A system of equations is a set of two or more equations with the same solution. For example, if we're told that both 2c + d = 11 and c + 2d = 13 have the same solution, that means the variables c and d have the same value in both equations.

Two methods for solving a system of equations are substitution and linear combination.

### Substitution

Substitution involves solving for one variable in terms of another and then substituting that expression into the second equation.

#### Example

Here are those two equations with the same solution:

2c + d = 11 and c + 2d = 13

To solve, first choose one of the equations and rewrite it, isolating one variable in terms of the other. It does not matter which variable you choose.

2c + d = 11 becomes d = 11 – 2c

Next substitute 11 – 2c for d in the other equation and solve:

c + 2d = 13

c + 2(11 – 2c) = 13

c + 22 – 4c = 13

22 – 3c = 13

22 = 13 + 3c

9 = 3c

c = 3

Now substitute this answer into either original equation for c to find d.

2c + d = 11

2(3) + d = 11

6 + d = 11

d = 5

Thus, c = 3 and d = 5.

### Linear Combination

Linear combination, which can also be used to solve a system of equations, involves writing one equation over another and then adding or subtracting the like terms so that one letter is eliminated.

#### Example

x – 7 = 3y and x + 5 = 6y

First rewrite each equation in the same form.

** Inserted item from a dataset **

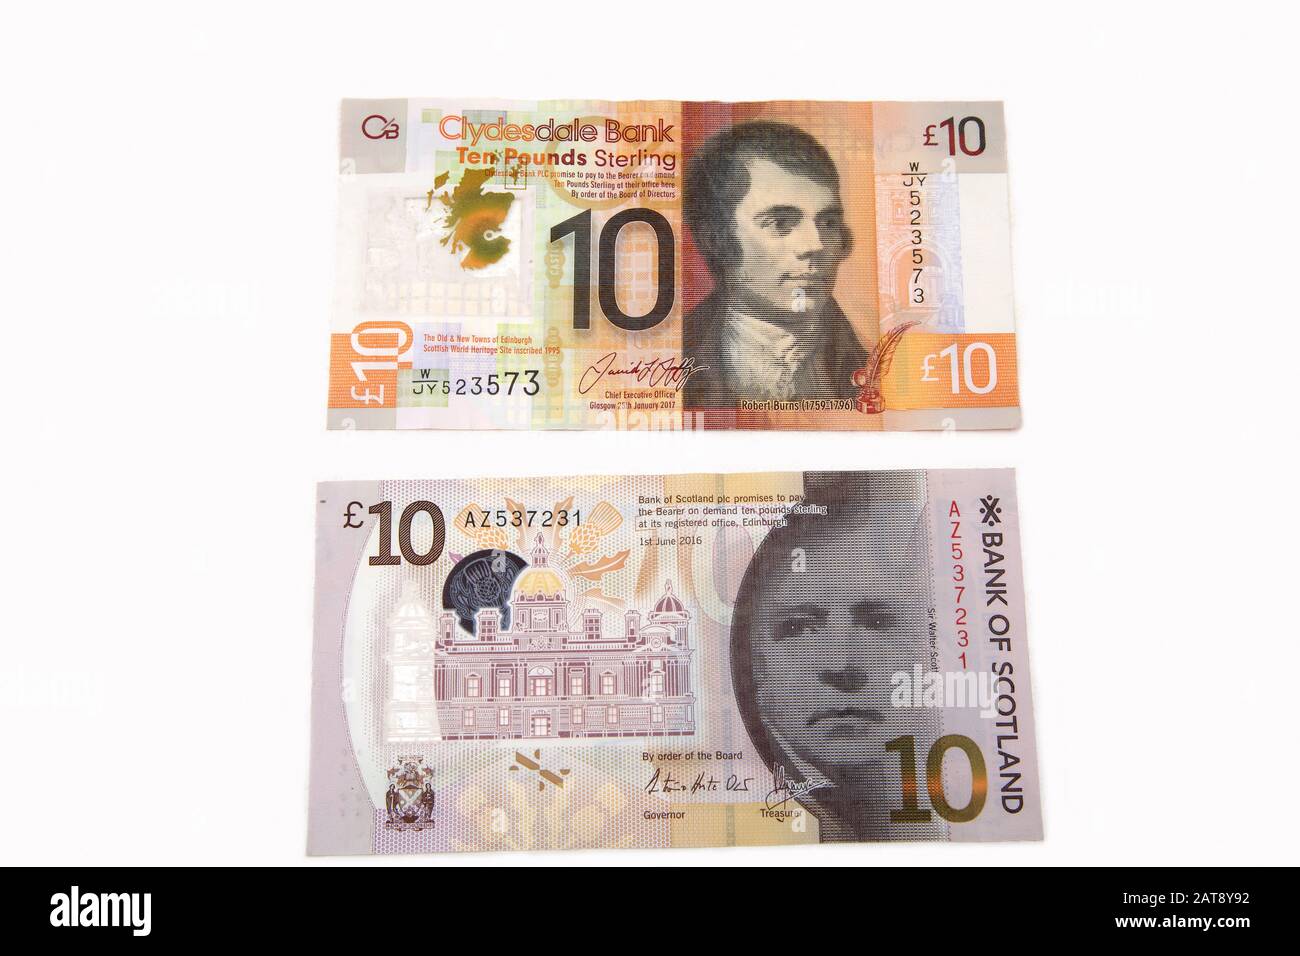 Two Scottish Ten Pound Notes - Bank of Scotland And Clydesdale Bank depicting Robert Burns and Sir Walter Scott Stock Photo

x – 7 = 3y becomes x – 3y = 7

x + 5 = 6y becomes x – 6y = –5.

Now subtract the two equations so that the x terms are eliminated, leaving only one variable:

y = 4 is the answer.

Now substitute 4 for y in one of the original equations and solve for x.

x – 7 = 3y

x – 7 = 3(4)

x – 7 = 12

x – 7 + 7 = 12 + 7

x = 19

So, the solution to the system of equations is y = 4 and x = 19.

### Systems of Equations With No Solution

It is possible for a system of equations to have no solution if there are no values for the variables that would make all the equations true. For example, the following system of equations has no solution because there are no values of x and y that would make both equations true:

3x + 6y = 14

3x + 6y = 9

In other words, the same expression cannot equal both 14 and 9.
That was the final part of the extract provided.